The iteration speed decreases as you move right through the phases, and the cost per iteration increases. This is why you want to do most of your iteration early.
When the rule breaks down
The thousand token rule assumes you know what you're building well enough to describe it. That assumption breaks in three situations.
Prototyping: When you genuinely don't know what you need, writing requirements is premature. Build a throwaway prototype to explore the problem space, learn from it, then write requirements based on what you learned. The prototype isn't production code. It's a learning tool. Once you understand the problem, discard the prototype and build the real system using the standard workflow.
Exploratory coding: Sometimes understanding a library or framework requires writing code to see how it behaves. This isn't building a feature. It's research. Write small test programs, see what happens, learn the patterns, then write requirements for the actual feature. The exploratory code is documentation, not a deliverable.
Trivial implementations: If the implementation is simpler than any description of it would be, skip the document phase. A function that returns a constant value doesn't need a requirements document. A configuration file change doesn't need a technical design. Apply judgment. The workflow is a tool, not a straightjacket.

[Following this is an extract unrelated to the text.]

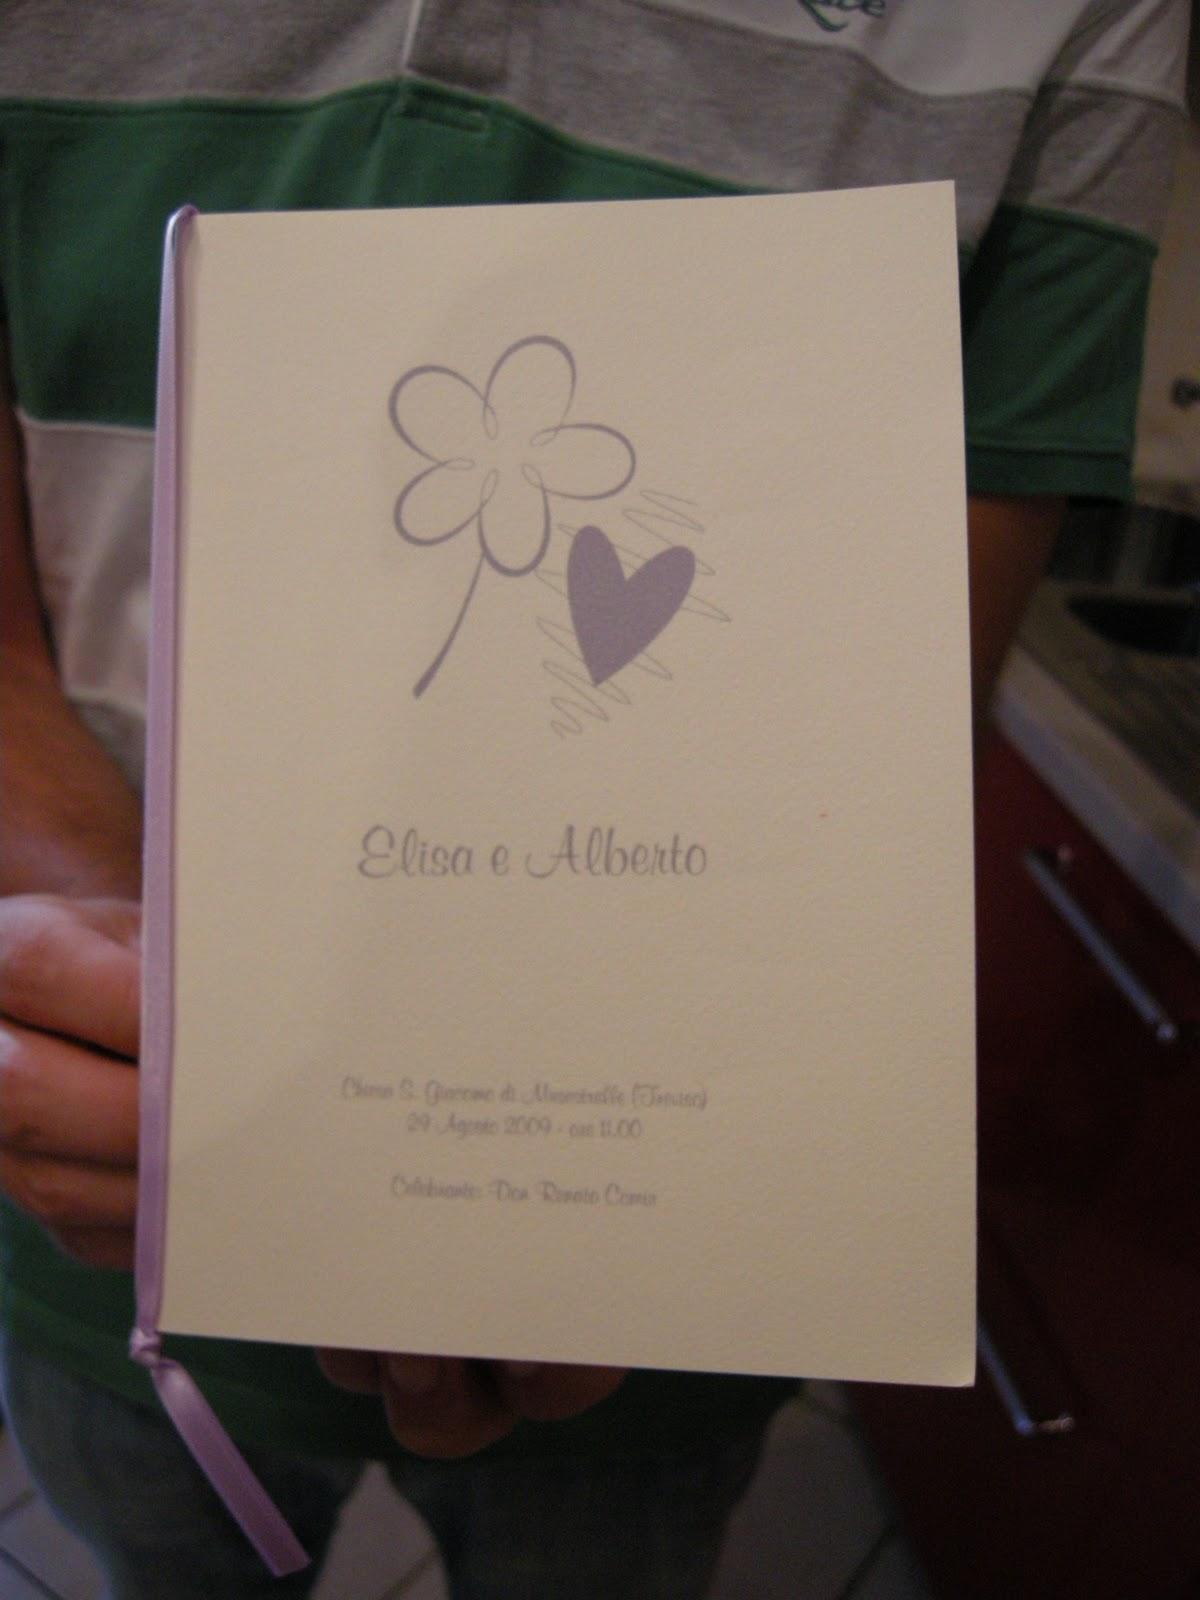 Matrimonio Simbolico Libretto : Il mio matrimonio libretto messa the irish princess

The key test: will iteration likely happen? If yes, do it where it's cheap. If you're writing a one-liner that's obviously correct, skip the process. If you're building anything complex enough that you might need to revise your approach, front-load the iteration.
The leverage point
The entire workflow rests on this economic fact: iteration on documents costs 5x to 50x less than iteration on code, depending on the phase and complexity. This means you can afford to be thorough in early phases. Spend an extra 30 minutes refining requirements to cover two more edge cases. It costs maybe $1 in API fees and 30 minutes of your time. Missing those edge cases and discovering them during testing costs hours of debugging and rework.
The leverage comes from the cost asymmetry. A small investment in document quality eliminates large amounts of downstream rework. The workflow described in the rest of this course systematically exploits that leverage.
Iterate where it's cheap. Front-load decisions. By the time you write code, the solution should be so constrained that implementation feels mechanical.